Modern well test analysis tools and techniques can be used to further reduce flaring and increase connected volume. For example, if a reliable deconvolution can be derived then the entire test sequence could be used to provide evidence for larger reserves. However, the PBU durations need to be long enough to provide enough information and derive a reliable deconvolution.
Calculate the minimum connected volume with the test data
Two main methodologies are used :
Some fictitious boundaries can be added to close the interpretation model. Then reduce the distances to these fictitious boundaries until a discrepancy is noted between the actual and simulated derivatives at late times (SPE 102483). If the deconvolved derivative is used, a larger connected volume should be derived.
If a reliable deconvolution is derived (and this needs a bit of expertise), then place the unit-slope straight line indicative of pseudo-steady state on the final point of the deconvolved derivative (SPE 116575). The resulting minimum connected volume will be conservative.

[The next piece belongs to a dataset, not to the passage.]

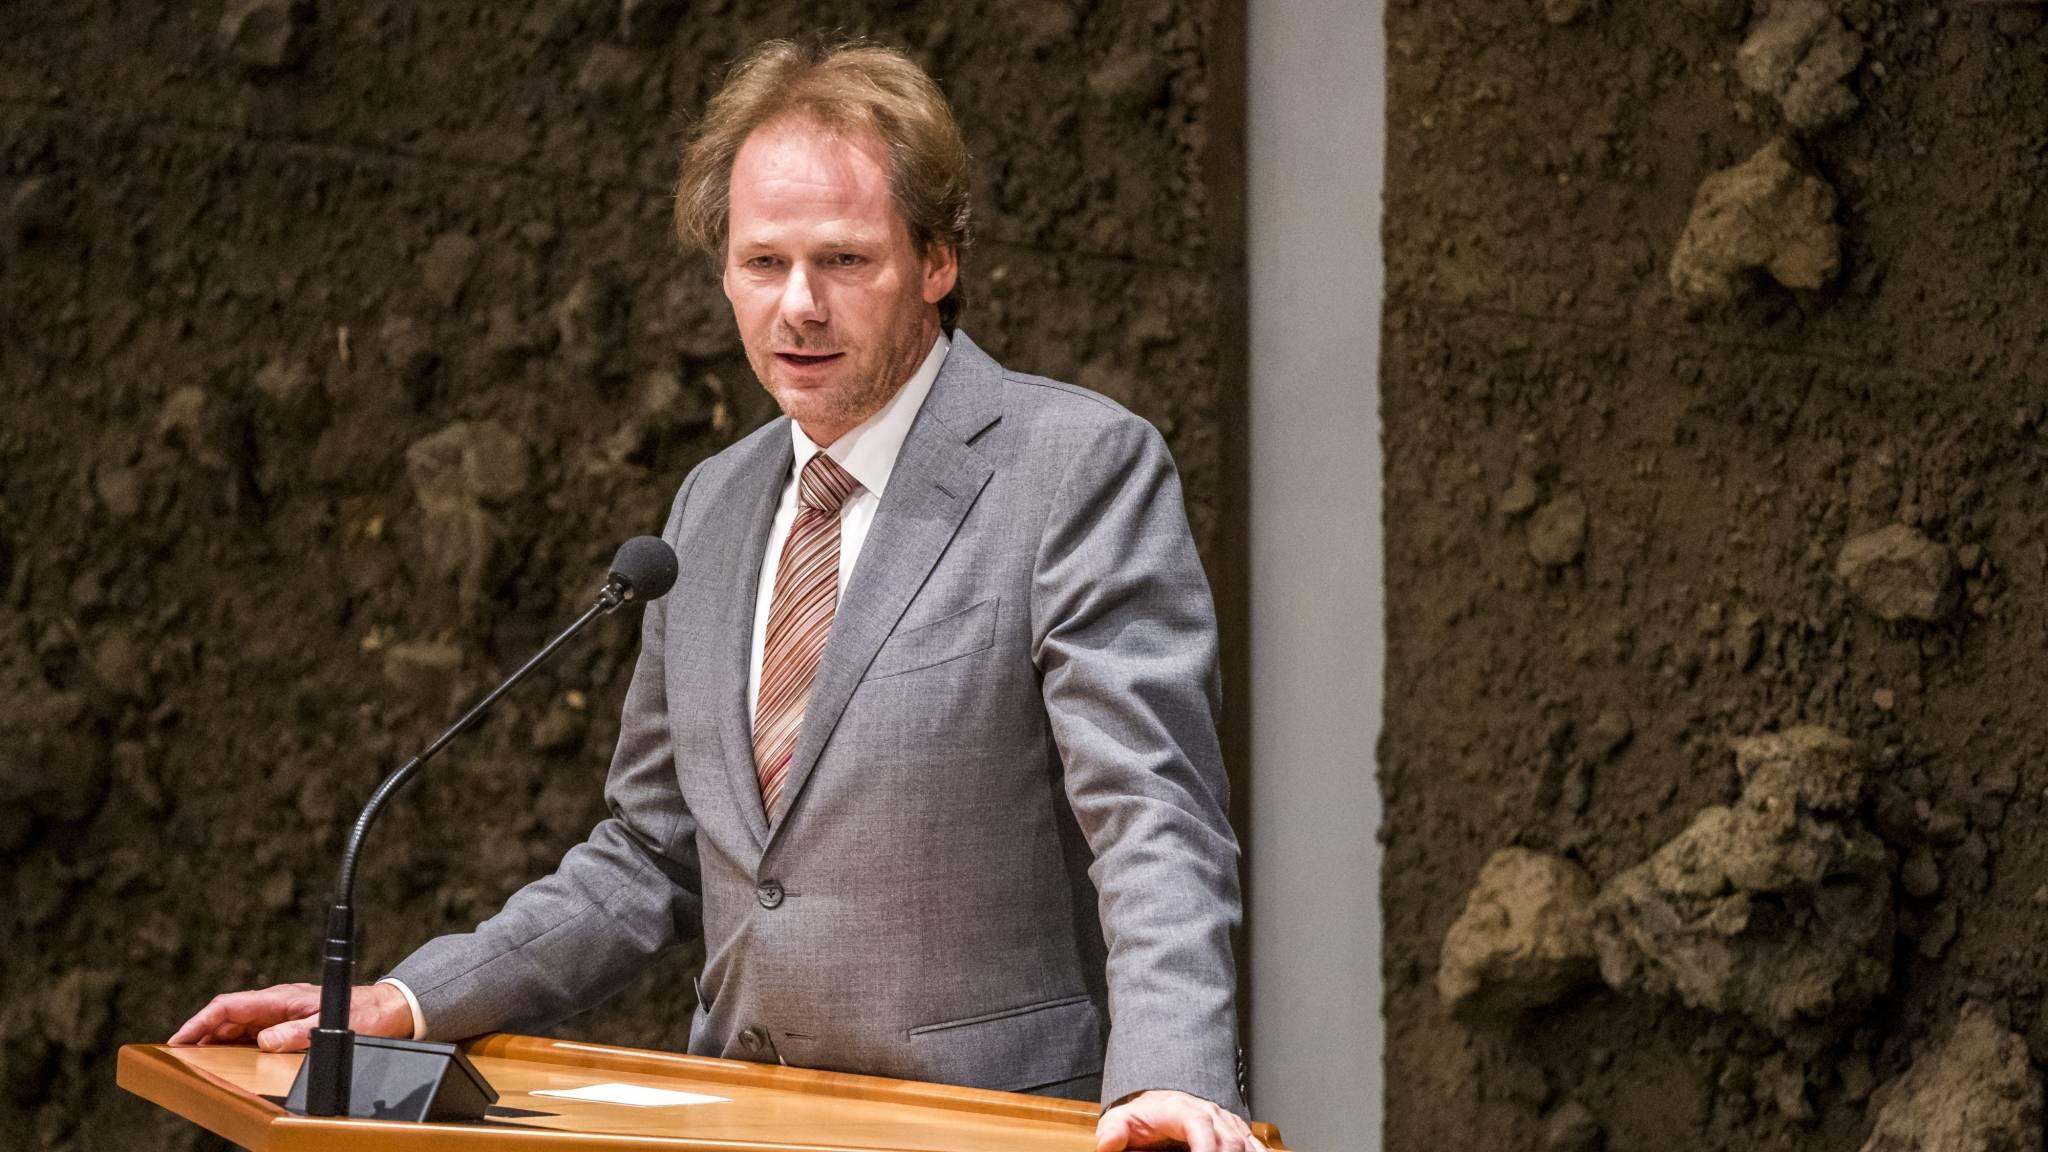 GroenLinks-Kamerlid Snels stapt op vanwege samenwerking PvdA
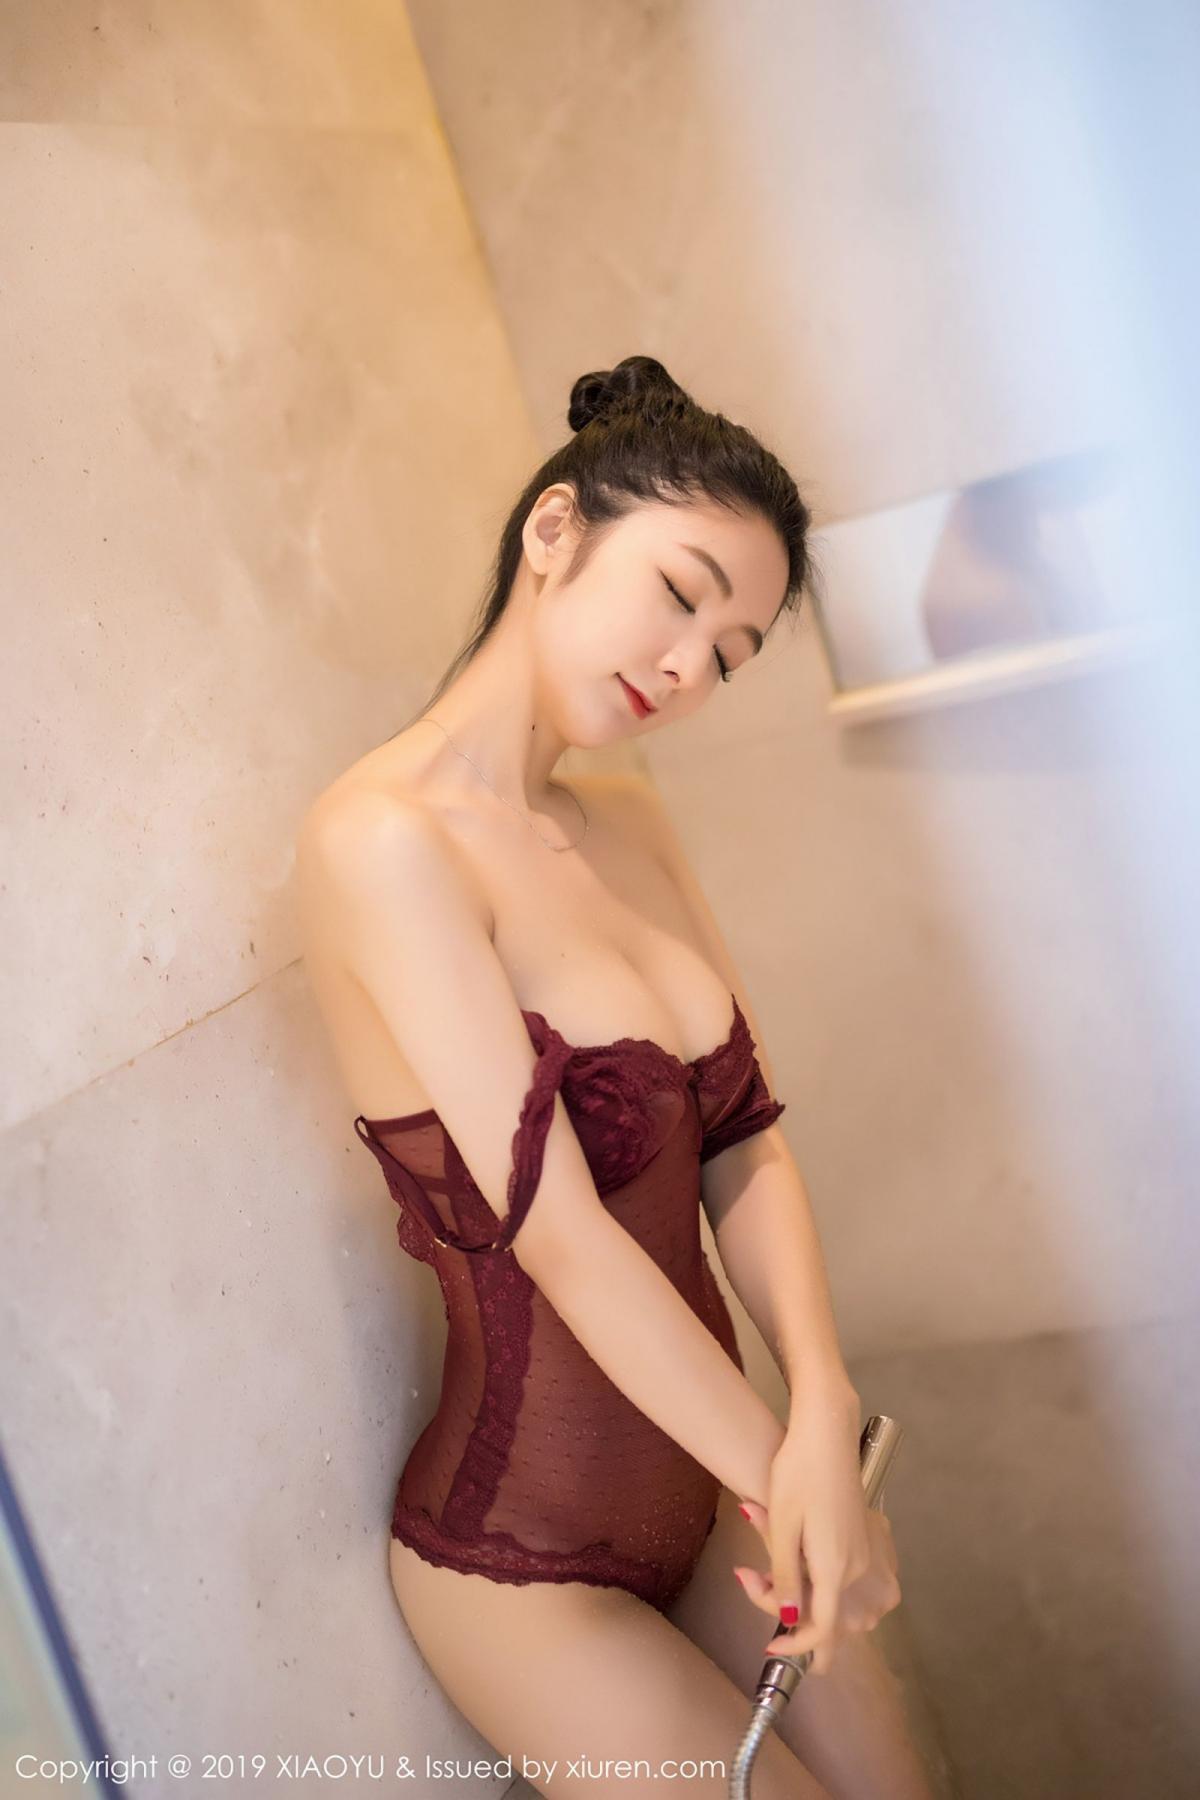 [XiaoYu] Vol.017 Di Yi 32P, Bathroom, Di Yi, Underwear, Wet, XiaoYu

Beware of the gauge noise and resolution
The test duration is not the only factor that should be considered when designing a test. After a long shut-in period, the pressure change in a PBU test can become so small that it may not be detectable by the gauge. Then there is no point in leaving the well shut-in any longer, no more useful information can be extracted. When designing a well test, the user should make sure that the pressure change can be detectable at the end of the planned PBU. Nowadays, this is less of an issue due to the high quality modern quartz gauges.